Pantera Negra pode ser o herói da hora, mas Michelle e Barack Obama são imbatíveis no mundo real. Enquanto o primeiro super-herói negro da Marvel a ganhar um filme solo estreava nos cinemas, o ex-primeiro casal americano entrava para a Galeria Nacional de Retratos, em Washington, com duas pinturas apresentadas ao público no último dia 12. Em um rol que inclui ex-presidentes como George Washington (1732-1799) e Thomas Jefferson (1743-1826), ambos senhores de escravos, o primeiro casal de negros a ocupar a Casa Branca entra para a posteridade com retratos pintados por dois artistas também afro-americanos. Nada mal como simbolismo histórico no momento em que o atual ocupante do cargo flerta com a supremacia branca.
Michelle Obama está imperial no retrato pintado por Amy Sherald, mas o quadro não faz justiça ao carisma da personagem – talvez porque o estilo da artista não tenha favorecido uma representação mais humanizada da ex-primeira-dama. Já o retrato de Barack Obama é daqueles que sequestram o olhar antes mesmo que você seja capaz de decidir se gostou ou não do resultado. Depois do primeiro estranhamento com a parede verde que faz um pano de fundo pouco óbvio para um retrato presidencial (cada uma das flores da composição, aliás, carrega um simbolismo próprio relacionado com a biografia do ex-presidente), percebemos que o artista Kehinde Wiley conseguiu captar algo da essência da personalidade de Obama e do que ele representa para a nossa geração – a das pessoas que nasceram nos anos 1960 e estão agora no poder. No quadro, Obama tem o olhar firme, vivo, inquisidor. Não é um personagem passivo ou distante. Nada mais justo. Além da preocupação em estar à altura do cargo, o ex-presidente americano parecia sintonizado com o momento histórico que lhe tocou viver. Você pode gostar ou não dele, mas Barack Obama é um homem do seu tempo, do nosso tempo.

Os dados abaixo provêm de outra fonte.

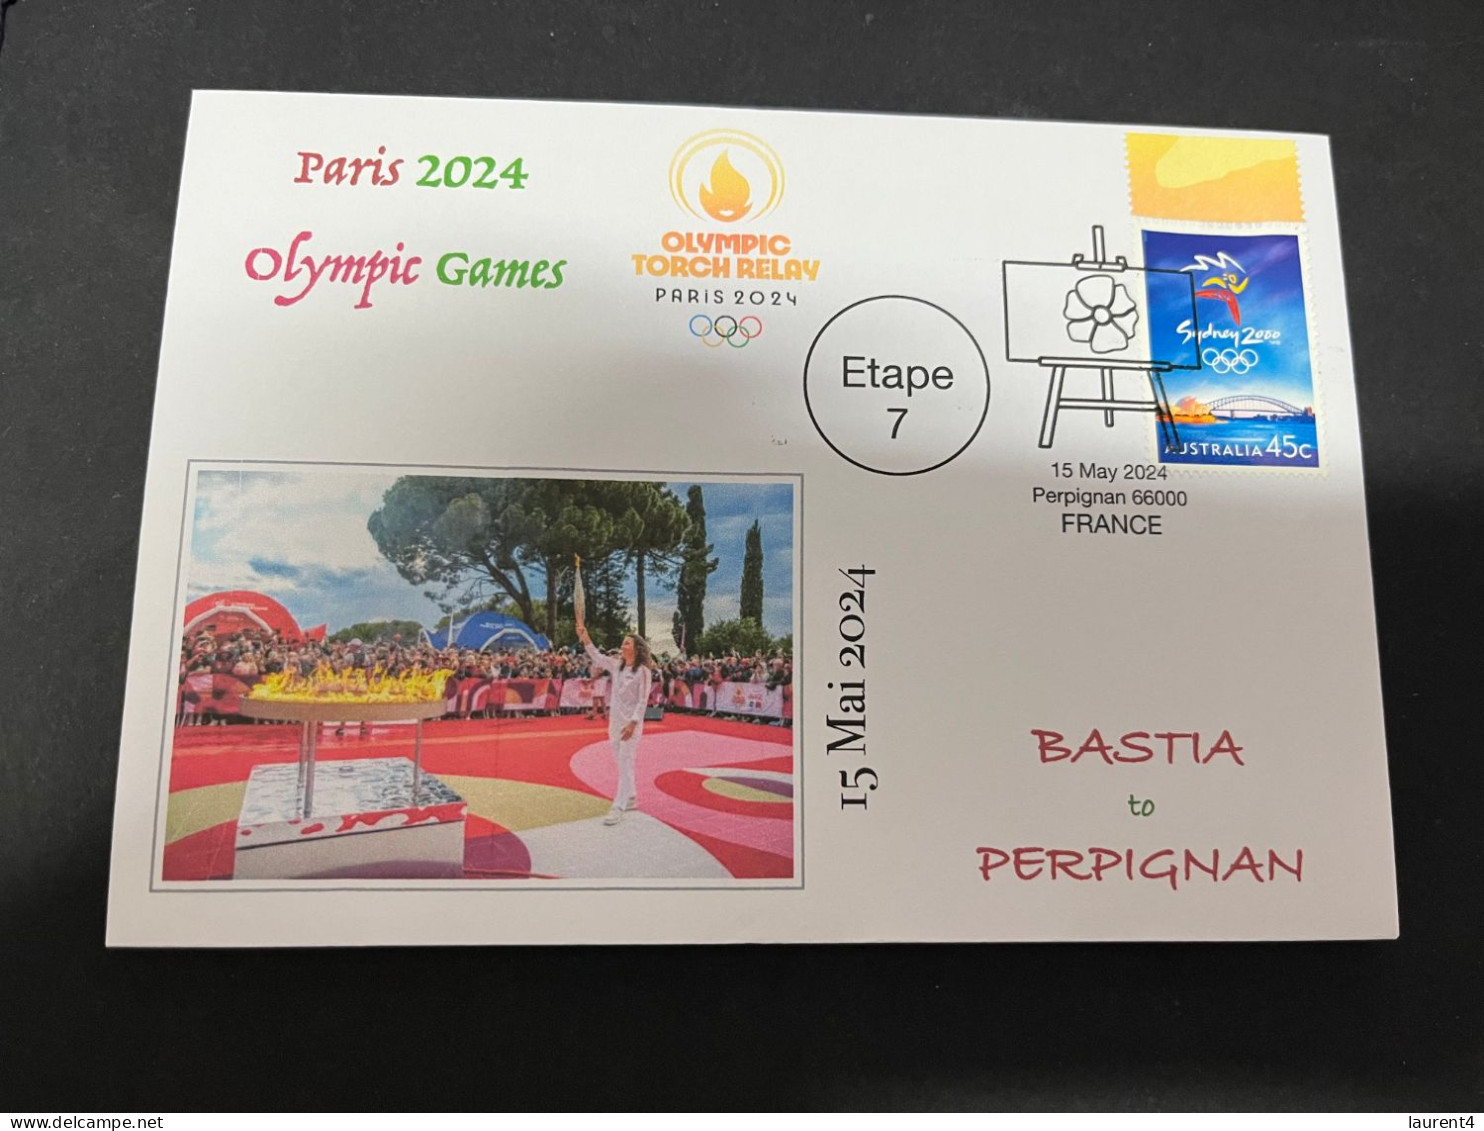 16-5-2024 (5 Z 17) Paris Olympic Games 2024 - Torch Relay (Etape 7) In Perpignan (15-5-2024) With OLYMPIC Stamp - Sommer 2024: Paris

Por coincidência, no mesmo dia em que o quadro de Barack Obama era pendurado na parede de uma galeria em Washington, por aqui uma representação alegórica do presidente da República fazia seu desfile triunfal na passarela do Sambódromo. Com o enredo Meu Deus, Meu Deus, Está Extinta a Escravidão?, a Paraíso do Tuiuti instalou um presidente vampiro no último carro da escola. O drácula tropical, com faixa verde-amarela e aspecto mortício, foi assunto em jornais do mundo inteiro ao longo da semana e é a imagem mais marcante de um Carnaval pródigo em mensagens políticas visualmente impactantes.
Vampiros são conhecidos por sugar o sangue dos incautos – o que os torna personagens óbvios para ilustrar a cultura da corrupção –, mas são também mortos-vivos. Falam, caminham, deliberam, mas não são animados por qualquer tipo de impulso vital a não ser a força do hábito – túmulo da renovação. E não importa o quão poderosos se tornem no presente, serão sempre seres anacrônicos. Criaturas que pertencem ao passado e não ao tempo em que vivem, e sobrevivem, suas vítimas.